§ Brief: For every line in the material, output its text exactly and exclude any image it holds.

§ Exercise data:
=-=-=-=-=

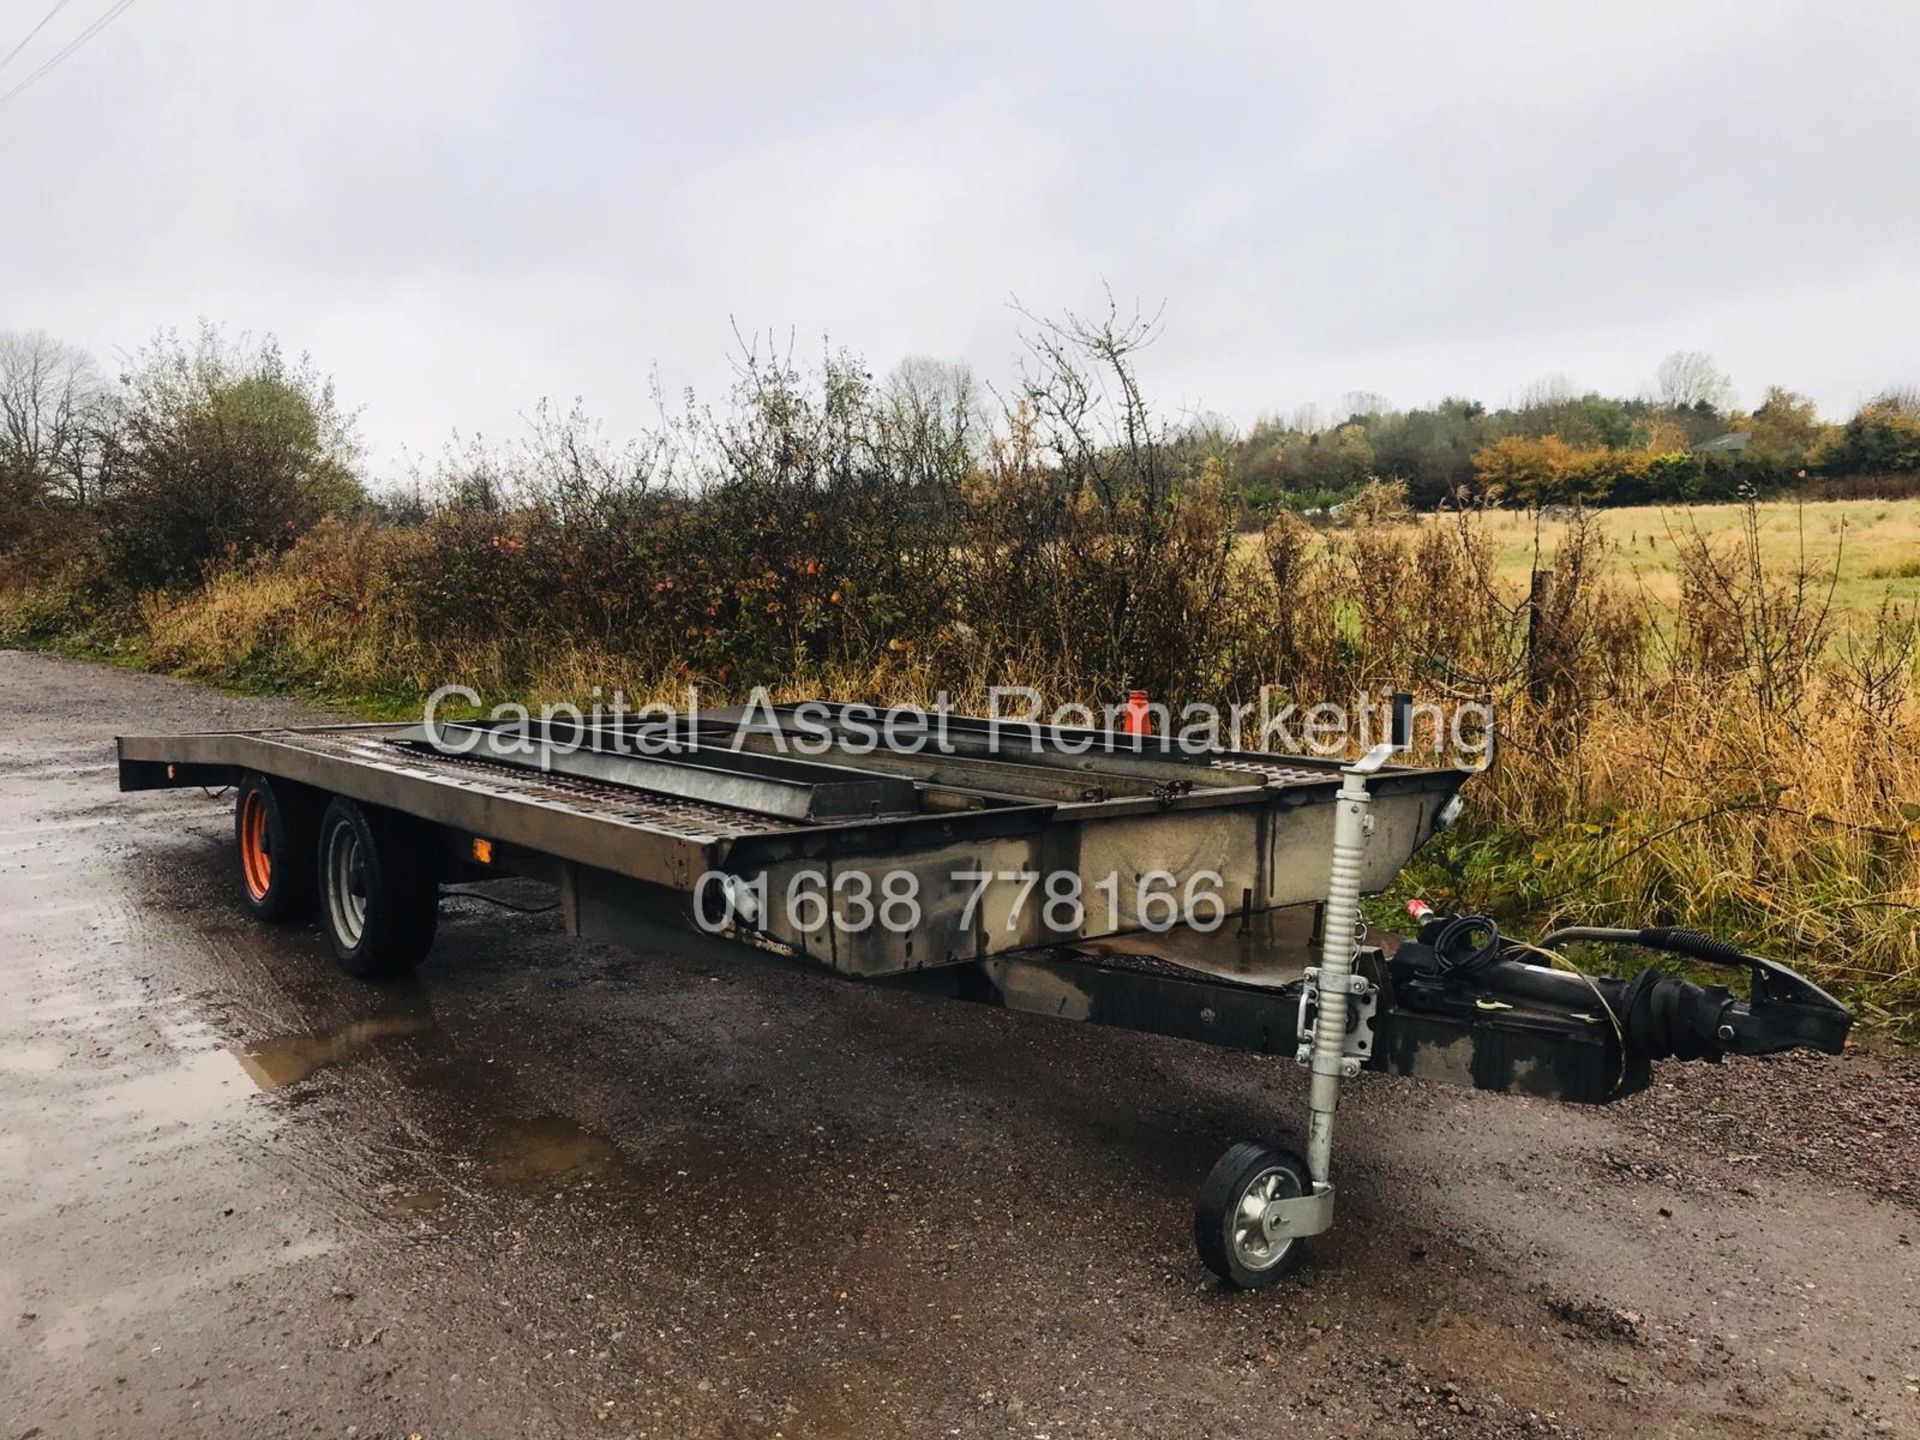 BRIAN JAMES TYPE CAR TRANSPORTER / RECOVERY TRAILER - TWIN AXEL - 1 OWNER - NO VAT!!!
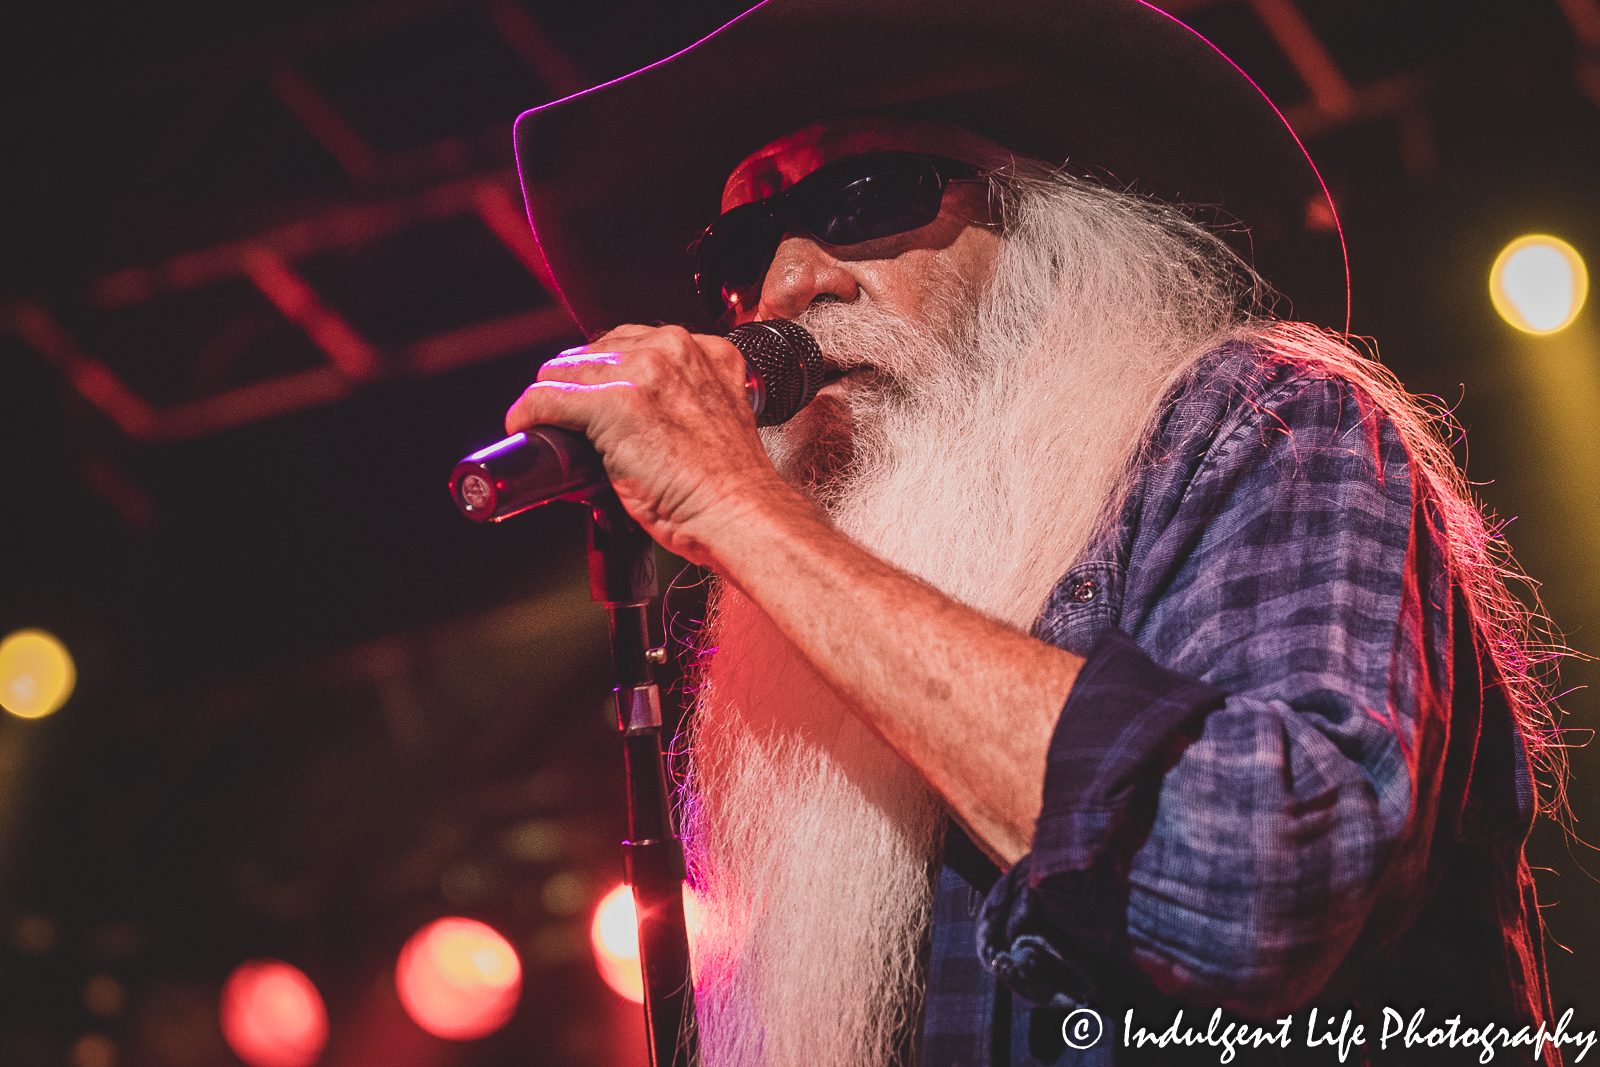 Baritone singer William Lee Golden of country and gospel music group The Oak Ridge Boys performing live at Ameristar Casino's Star Pavilion in Kansas City, MO on September 24, 2021.
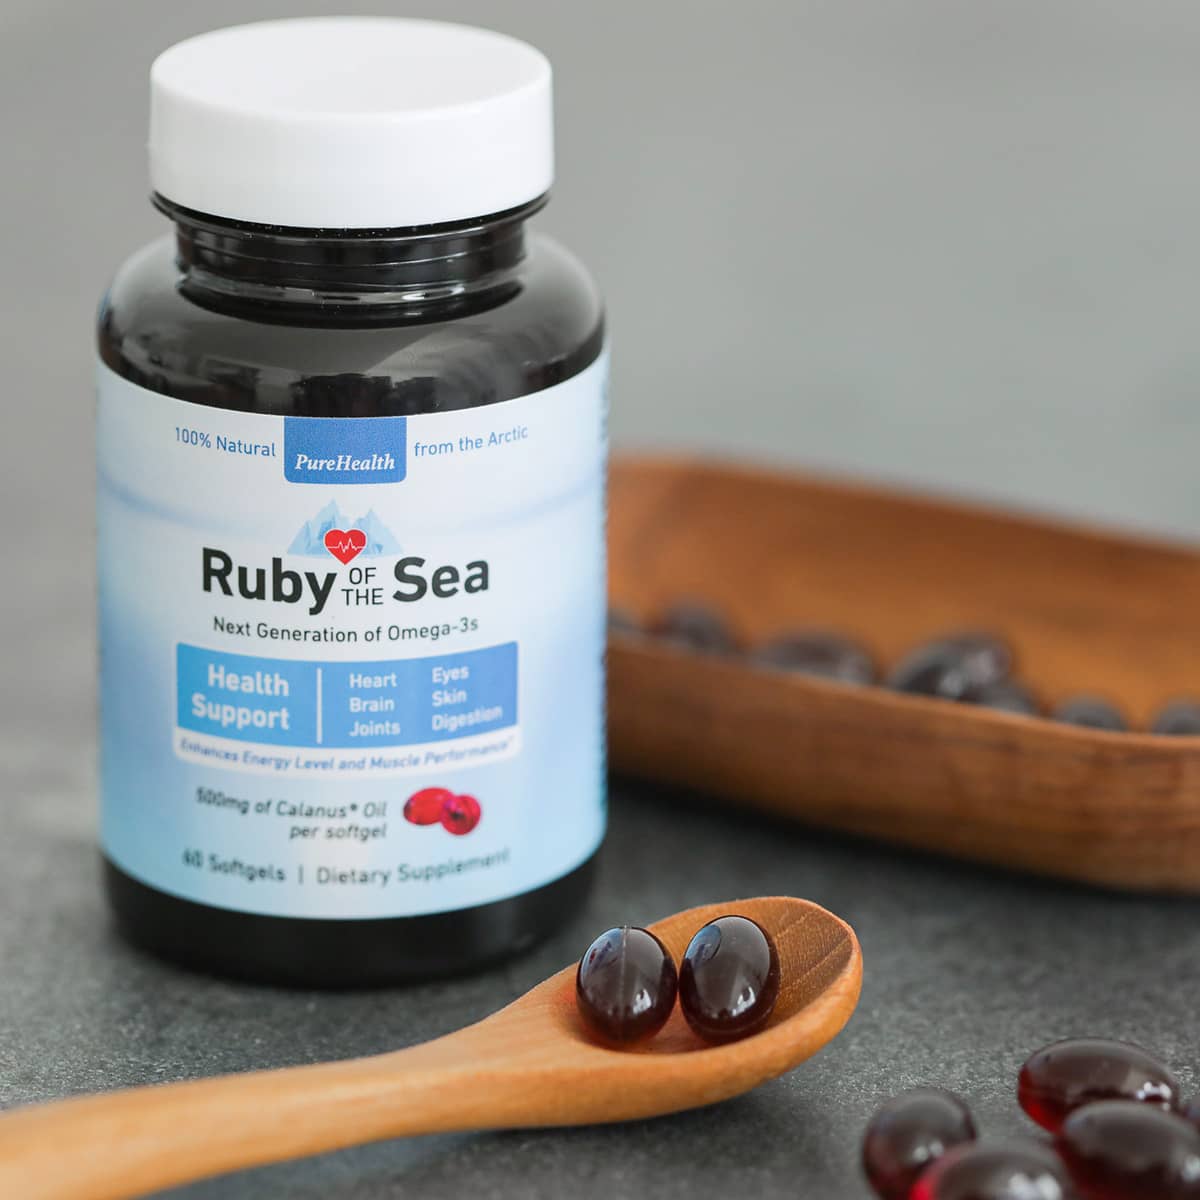 One Time Purchase - 3 Bottles of Ruby of the Sea® Oil 500mg - 60 softgels per bottle
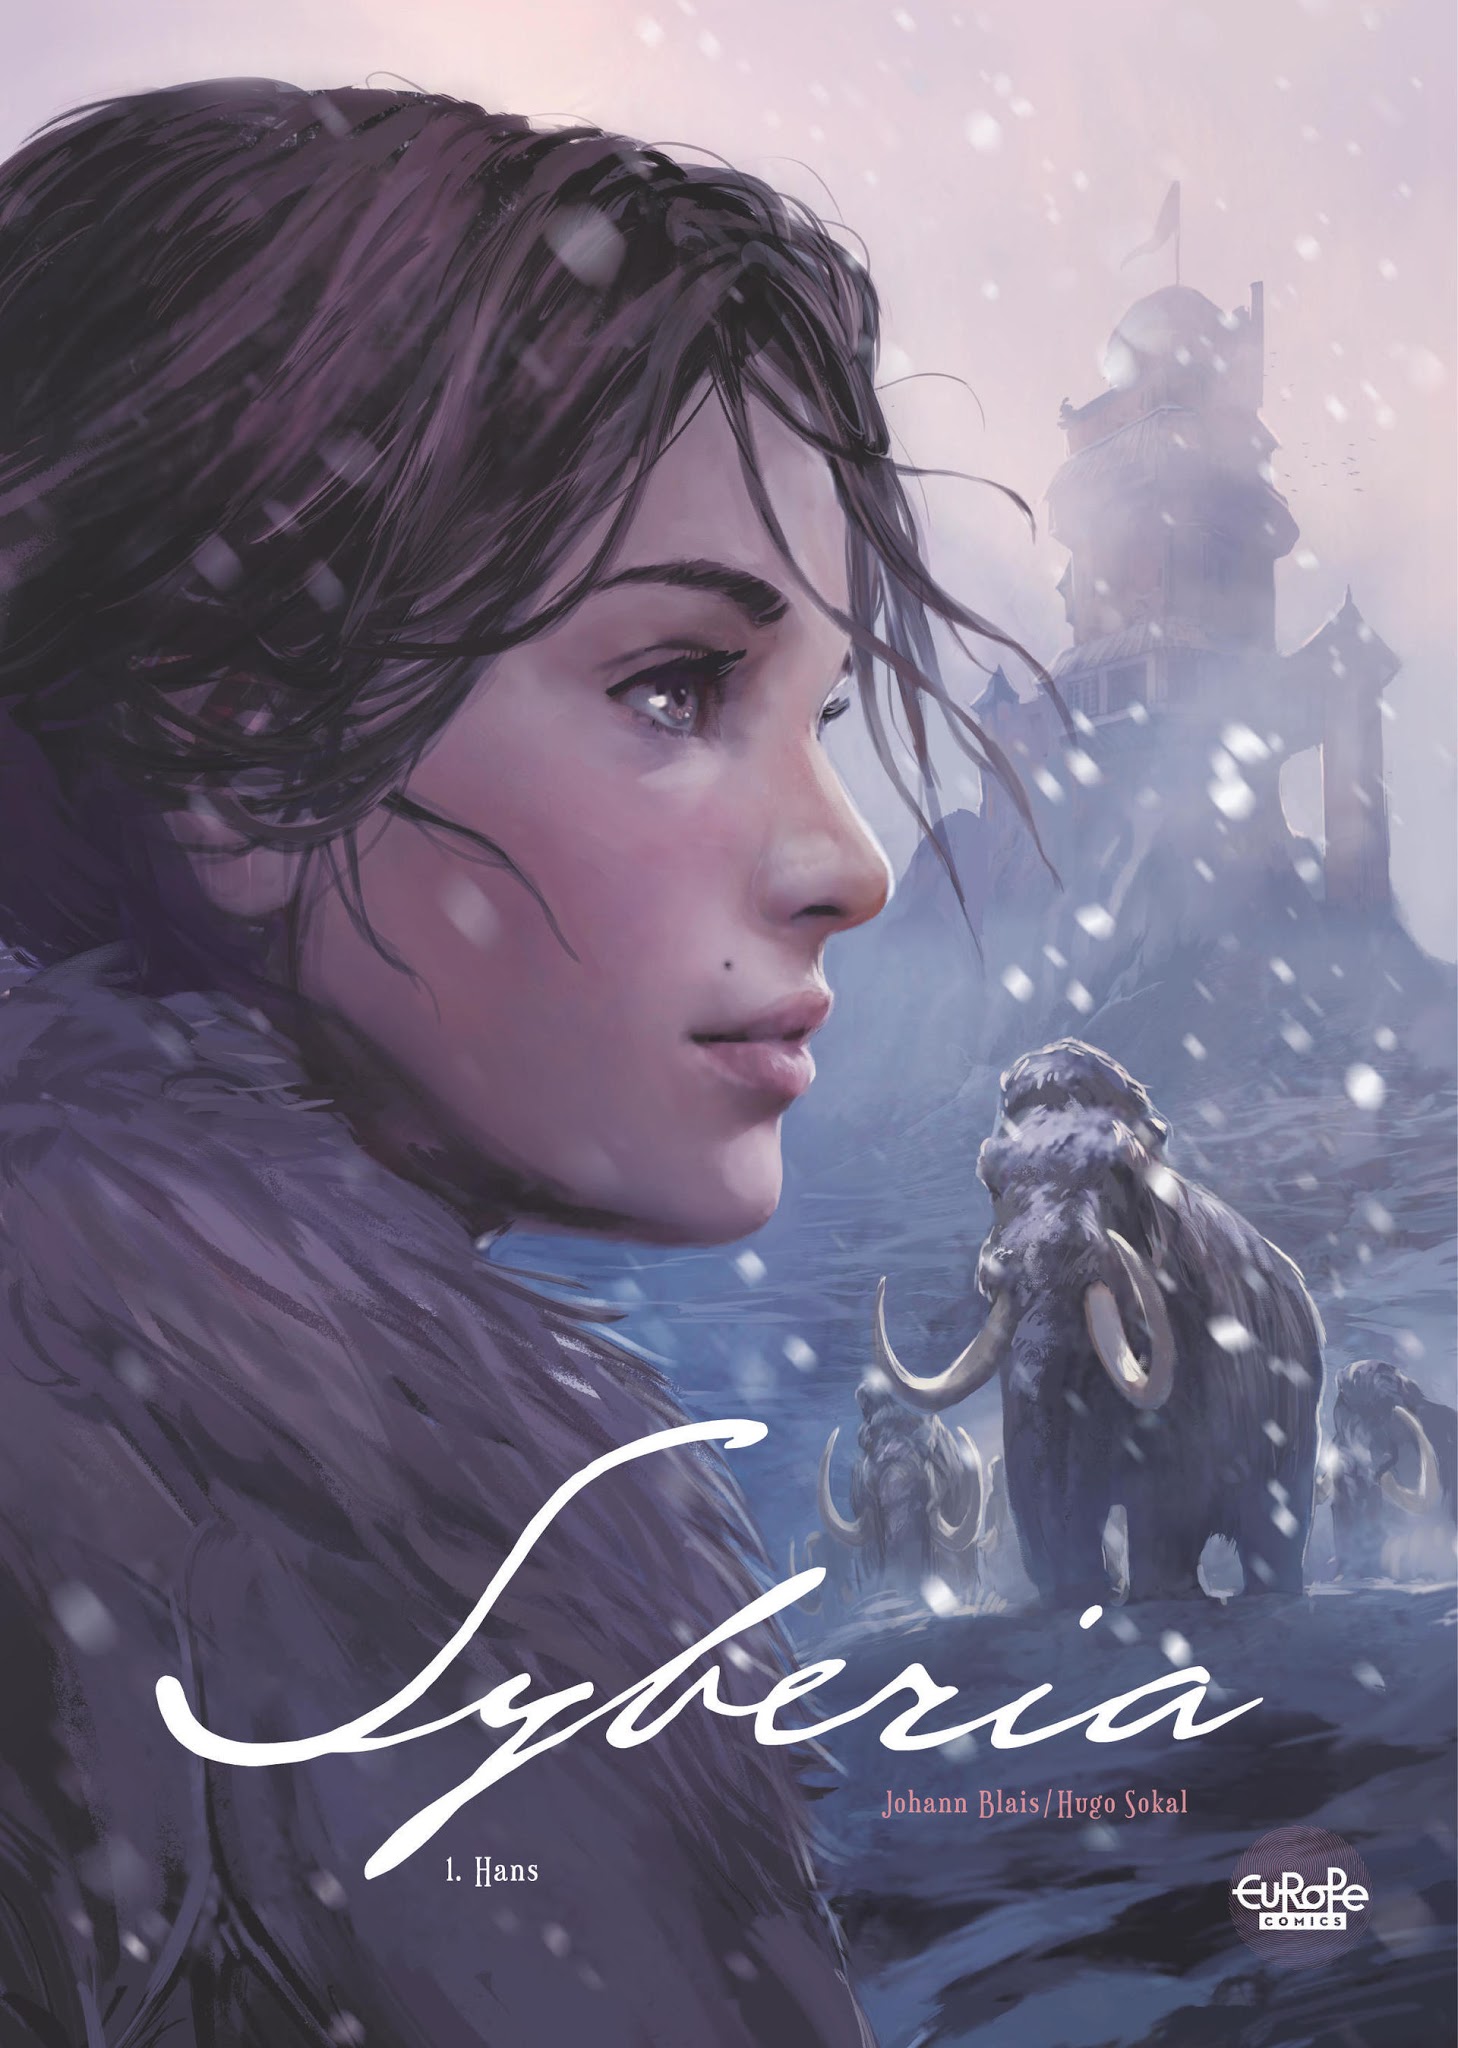 Read online Syberia comic -  Issue #1 - 1

=-=-=-=-=

§ Response to the task:
 BRIAN JAMES TYPE CAR TRANSPORTER / RECOVERY TRAILER - TWIN AXEL - 1 OWNER - NO VAT!!!
 Baritone singer William Lee Golden of country and gospel music group The Oak Ridge Boys performing live at Ameristar Casino's Star Pavilion in Kansas City, MO on September 24, 2021.
 One Time Purchase - 3 Bottles of Ruby of the Sea® Oil 500mg - 60 softgels per bottle
 Read online Syberia comic -  Issue #1 - 1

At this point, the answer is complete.